42.

7.4K 308 51
                                    

Le sue parole mi arrivano addosso come una secchiata d'acqua gelida. Non posso credere di avergli rivelato una cosa così tanto intima mentre ero in uno stato pietoso indotto dal sesso e il sonno. Questo è un ricordo che mi porterò appresso per il resto della mia vita ma di certo non pianificavo di dirlo, assolutamente. Penso di fare abbastanza pena alla gente che mi circonda, mettere altra carne al fuoco sarebbe inutile. Adesso che è venuto fuori, però, non c'è molto che possa fare.
Ho inventato parecchie bugie e omesso alcune verità, se negherò a Devon ciò che ho detto ieri sera capirà che sto mentendo e... non voglio tenergli nascosto altro, bastano tutti i sentimenti che ho iniziato a provare dal momento in cui Aurora Sullivan è diventata una nemica ai miei occhi, quando è accorso in mio aiuto, quando ha salvato un furetto e gli ha persino dato una casa... già, direi che è meglio rivelare il mio ultimo grande segreto.
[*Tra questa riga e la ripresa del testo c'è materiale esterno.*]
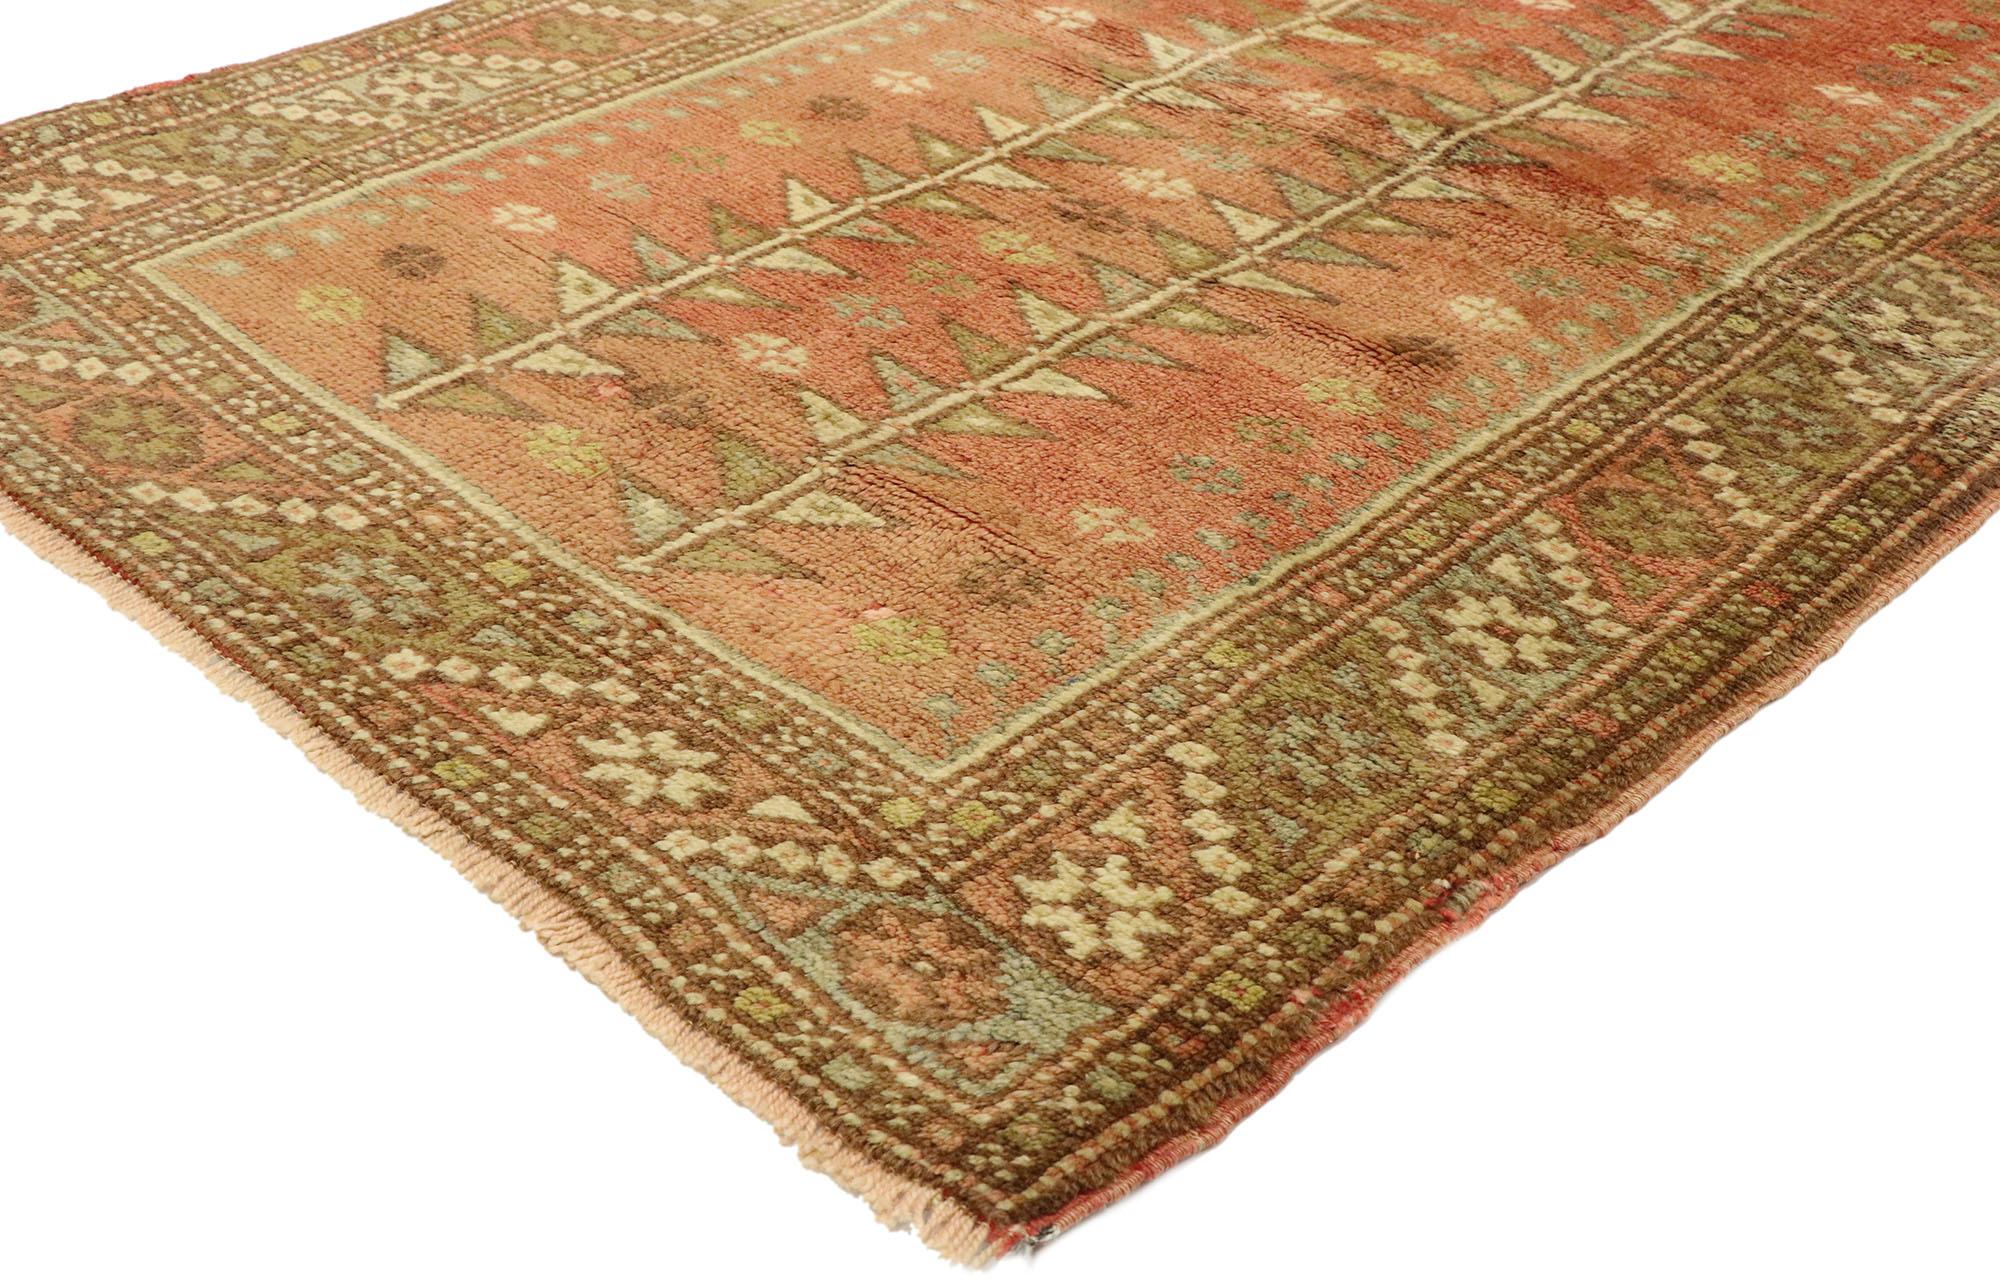 51384 Vintage Turkish Oushak Rug, 03'02  X 04'08. Small Turkish Oushak rugs with a mihrab design are traditional carpets originating from the Oushak region of Turkey. They feature a central mihrab, an arch-like niche representing the direction of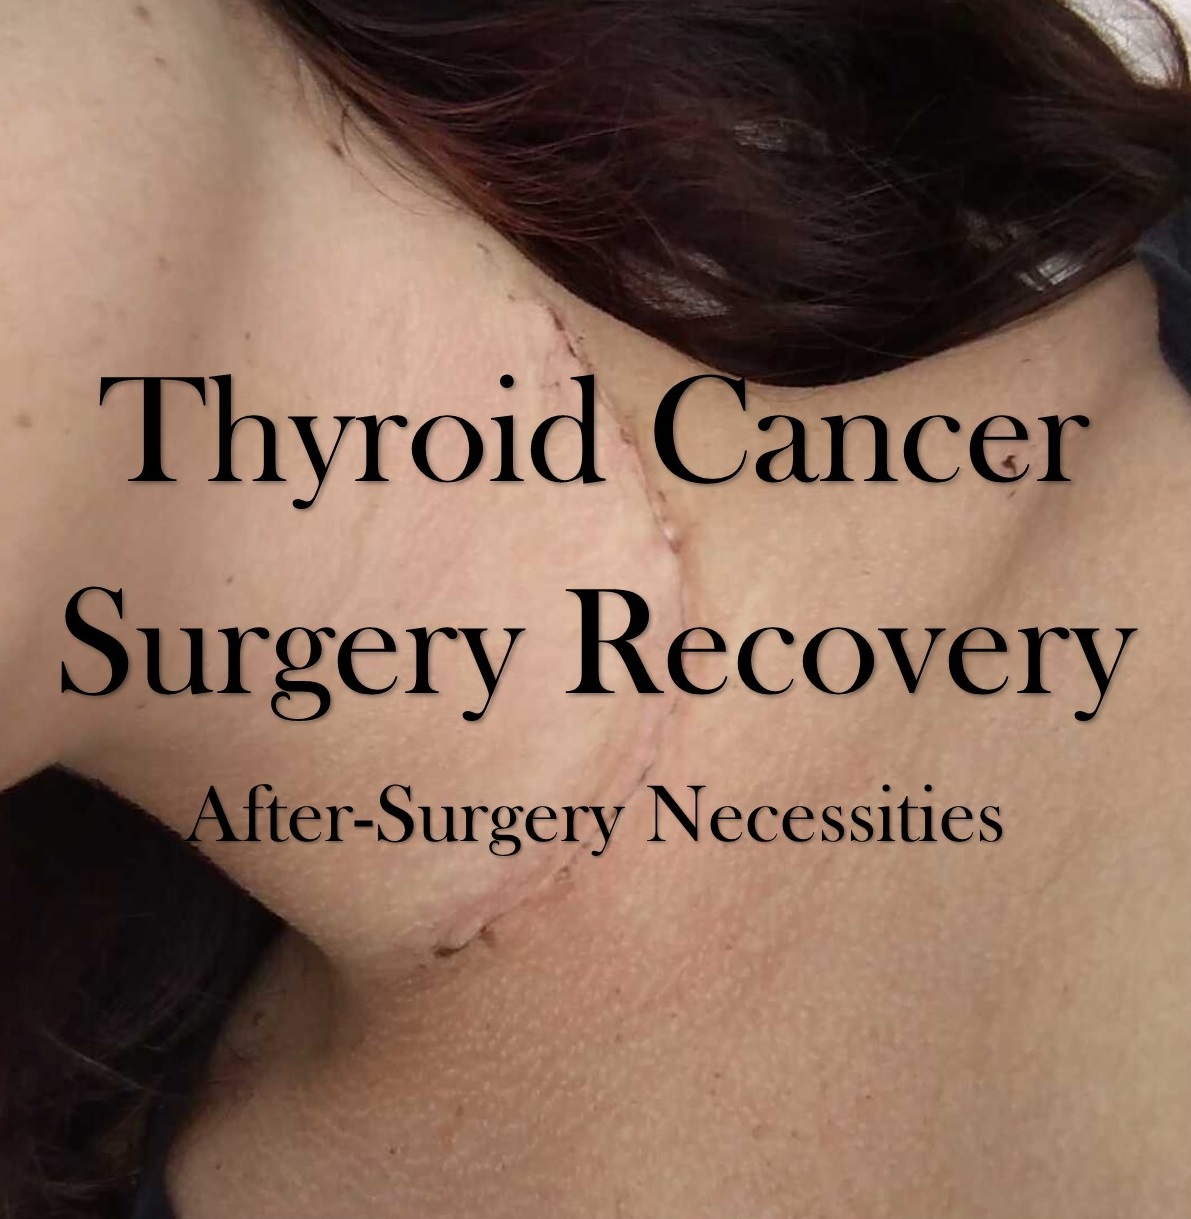 Thyroid Cancer Surgery Recovery: After-Surgery Necessities

Fisso l'ingorgo davanti a noi per un paio di minuti, ho bisogno di raggruppare i pensieri ed esporre la cosa nel modo più estraneo possibile. Rivivere quel pomeriggio non è tra i miei piani futuri e di sicuro non lo è nemmeno sognarlo com'è successo per mesi dopo quel giorno.
«Avery, non devi parla-»
«No» lo interrompo. «Sarebbe sciocco da parte mia prenderti per stupido e dirti che hai sentito male. Ho solo bisogno... di un attimo» aggrotto la fronte, giocando nervosamente con le dita.
«Ascolta, vuoi passare da me? Stai un po' con Furia e poi ti riporto a casa. Non ci sono allarmi e il cielo sembra piuttosto sereno, perciò, non ci saranno intoppi» dice rivolgendomi uno sguardo prima di tornare sulla strada.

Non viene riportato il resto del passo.